Many reviewers and bloggers have fixated on whether Marsh has outed Bonhoeffer as having been romantically attracted to Bethge (e.g., The Daily Dish, Christianity Today, Wesley Hill). To be sure, a major theme of the latter half of the book is Bonhoeffer’s bizarre and emotionally complicated relationship with his spiritual confidant at the underground seminary. The closest thing to convincing evidence comes when Marsh writes, “Some seminarians, indeed, wondered whether Bonhoeffer had fallen in love with the boyish country pastor [Bethge]” (236), or that they shared a bank account and mailed Christmas cards together. But I would tend to agree with Timothy Larsen’s sentiment in his review for Christianity Today: “This turns into a major, recurring theme in Strange Glory. It fascinated me at first, but I grew tired of Marsh directing the camera angle of every scene so as to rather heavy-handedly keep it in view.” Marsh seems to diagnose Bonhoeffer’s engagement to Maria Von Wedemeyer as a reluctant imitation of Bethge (who was engaged to Renate Schleicher shortly before Bonhoeffer) in an effort to remain close to his “soul mate” (337).
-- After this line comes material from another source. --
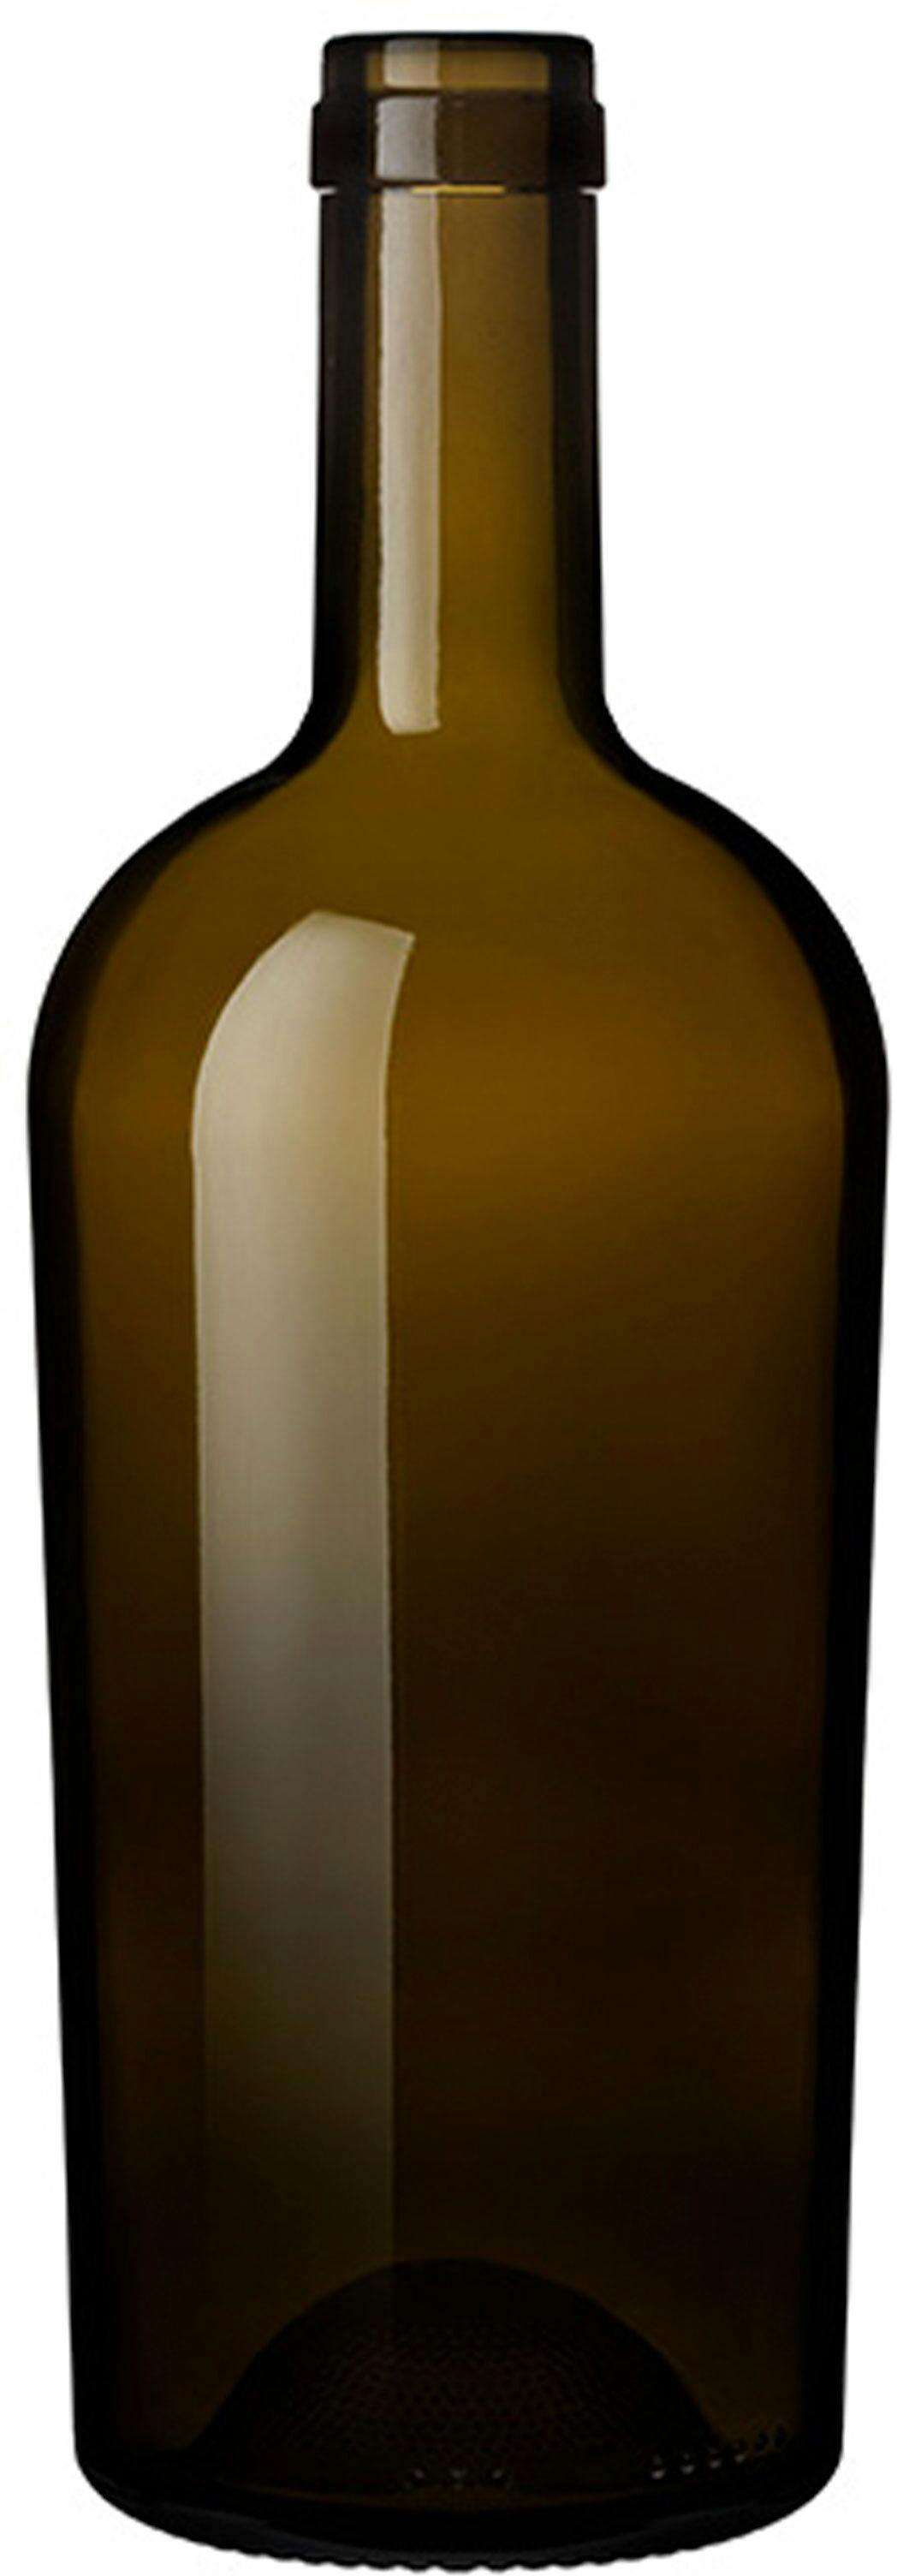 Flasche REGINE  WINE CLUB 750 ml BG-Korken
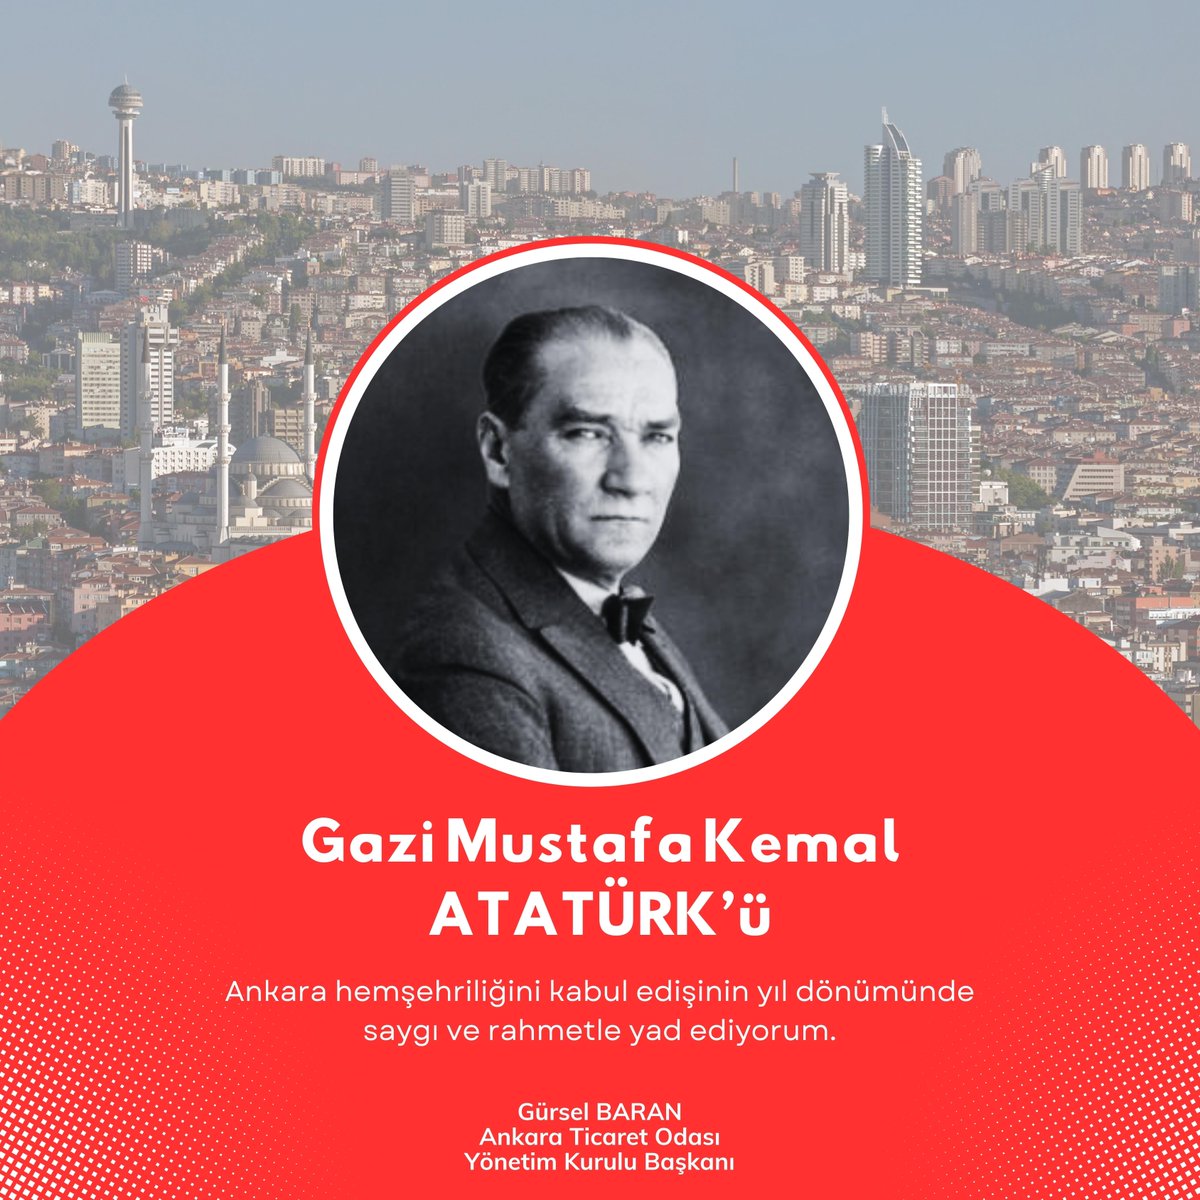 “Ankara'nın ve Ankaralıların benim gönlümde bambaşka bir yeri vardır' Ankara'yı ülkemizin kalbi olarak seçen Cumhuriyetimizin Kurucusu Gazi Mustafa Kemal Atatürk'ün, #Ankara Hemşehrilik Kabulü’nün 101. yılı kutlu olsun.

Similar to speculation regarding the nature of C. S. Lewis’s relationship with Jane Moore, the nature of Bonhoeffer’s friendship with Bethge will serve as a distracting conversation point for the foreseeable future. It’s unfortunate, really, because Marsh’s book has much more to offer about Bonhoeffer than his romantic interests (or lack thereof, depending on your view).